The first compiler for FORTRAN, which stands for FORmula TRANslator, was developed by John Backus and his colleagues at IBM in 1957. As one might guess from its name , FORTRAN is often used for programming scientific applications involving heavy use of mathematical formulas. Early FORTRAN programmers, lacking much of the programming theory that is well-known by any first year computer science student today, made heavy use of "goto" statements to control execution flow in their code. Of course old habits are hard to break. Even after Edsger Diijkstra wrote about the harmful effects of the "goto" statement in 1968, starting the structured programming trend, many FORTRAN programmers continued to write their code with "goto" statements.

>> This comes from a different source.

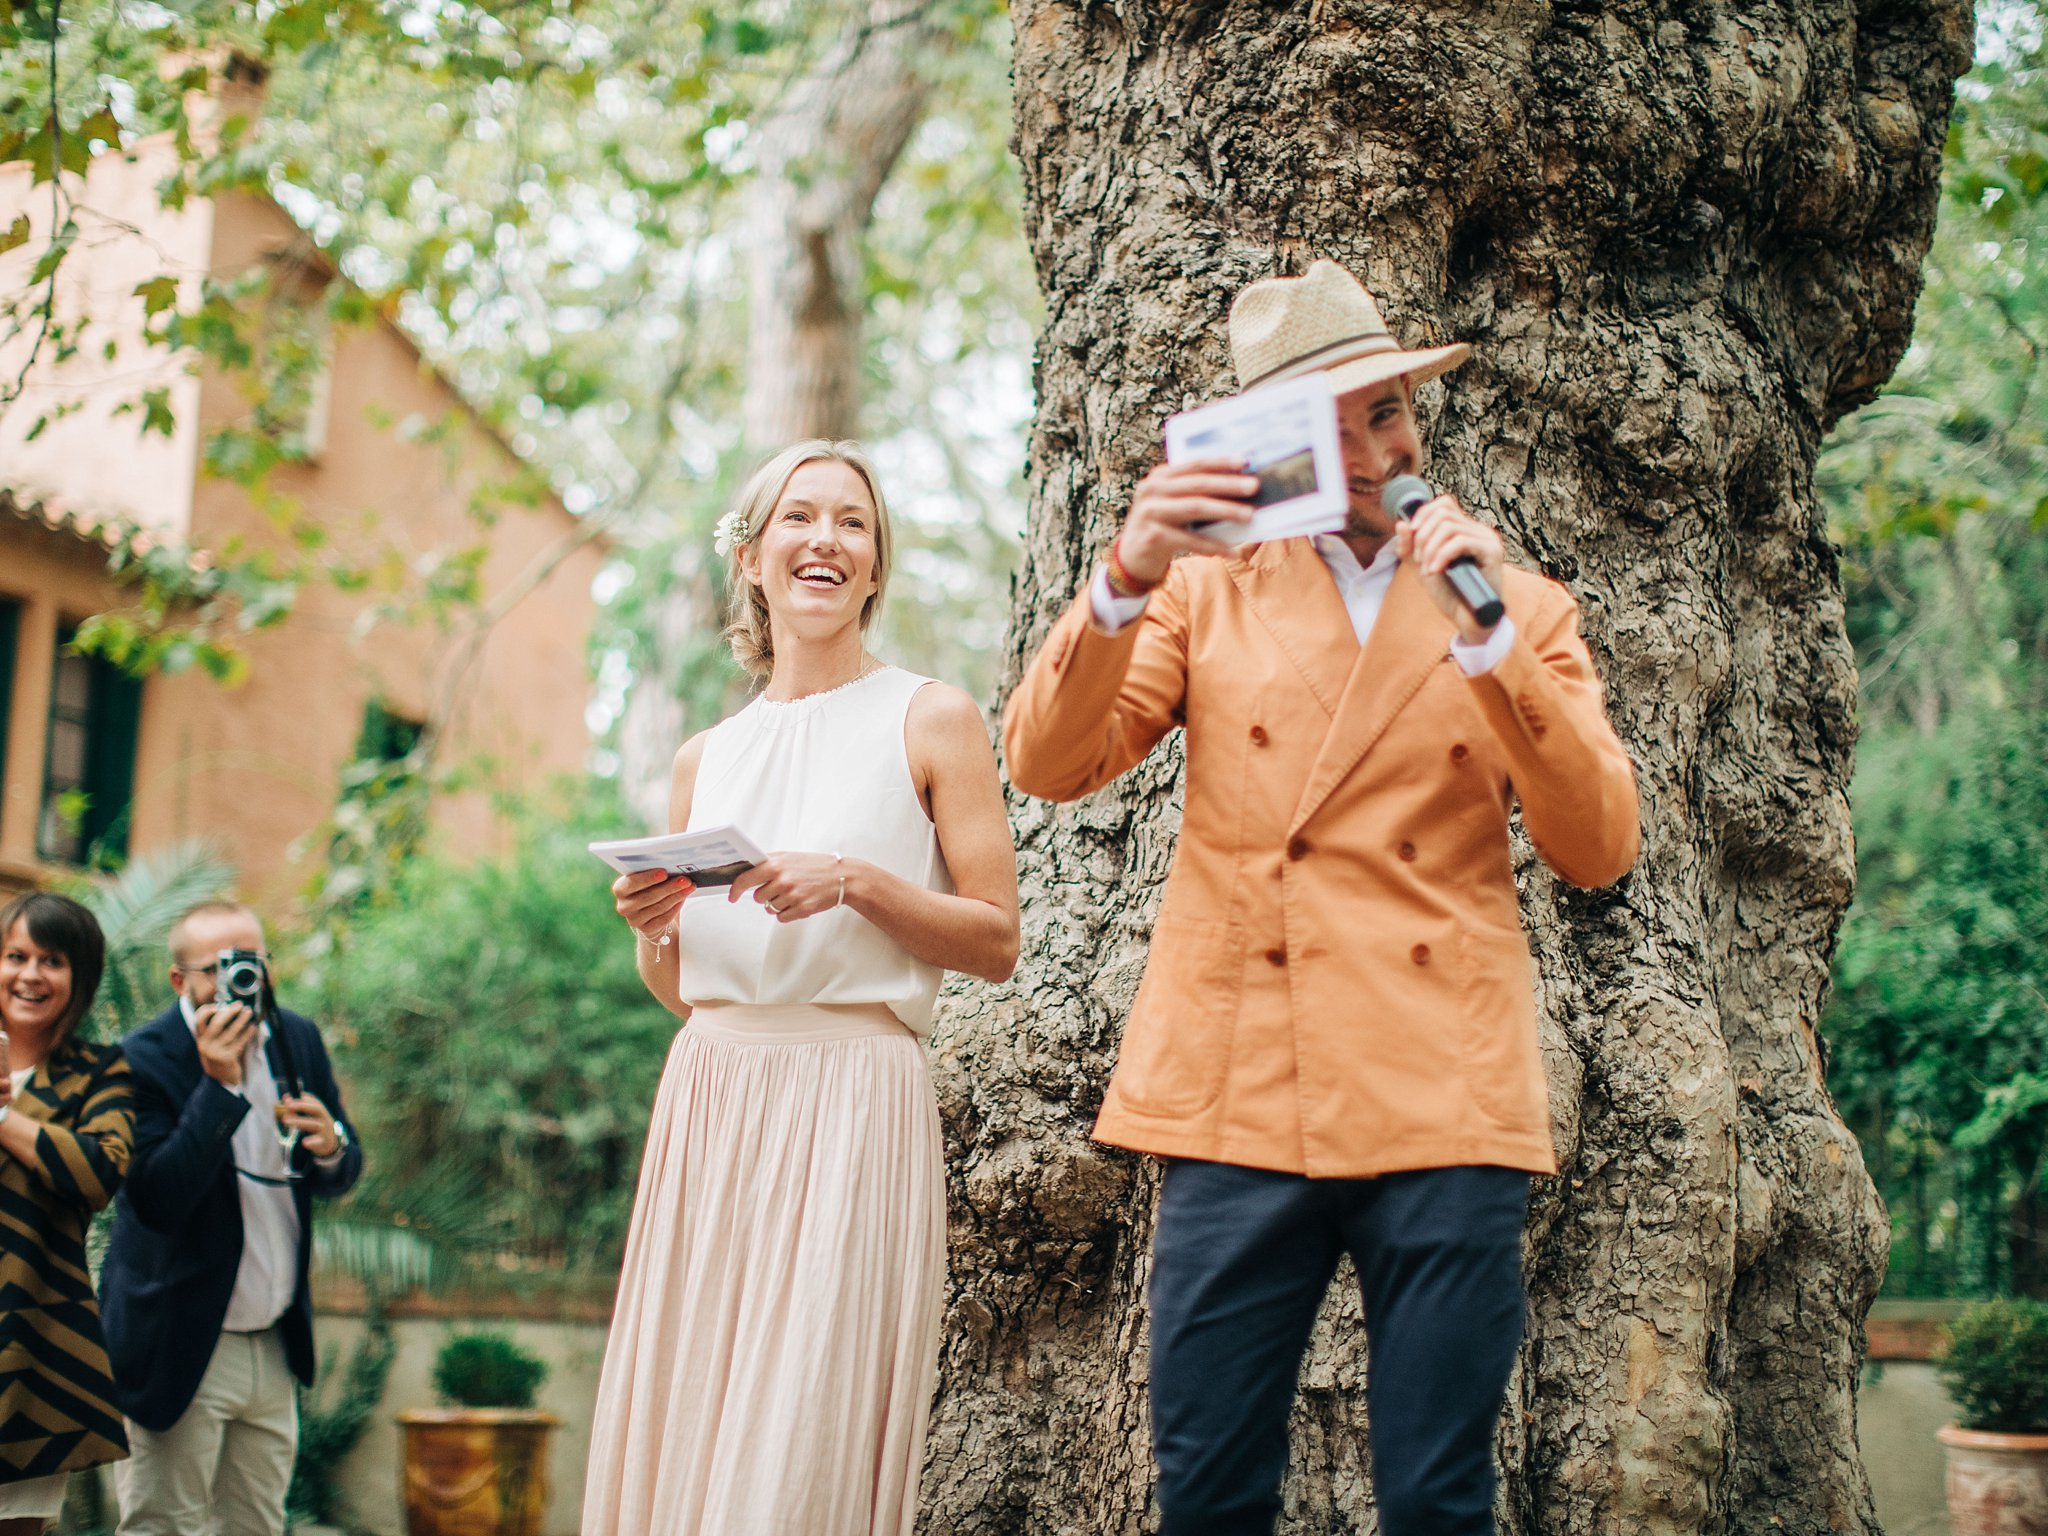 Wedding Photographer Perpignan - Château Las Collas Wedding - Hugo Hennequin075.jpg

Despite its simplicity and lack of modern syntax, FORTRAN continues to make up a large percentage of the code in production today. Outside of scientific programming applications, little code is developed today in FORTRAN but its huge installed base continues to make it an often- encountered language in legacy applications. Because of its structure, FORTRAN is well suited for the development of scientific programs and the optimization thereof. FORTRAN does not contain pointers and thus many compile-time optimizations are simplified. Furthermore, many FORTRAN scientific function libraries have been highly optimized over many years of progressive tuning.
FORTRAN has, of course, been modernized over the years. The last two FORTRAN language standards, FORTRAN 90 and FORTRAN 95, have modernized the language with the inclusion of several new features. To date, however, the FORTRAN 77 standard remains the most widely used dialect of the language.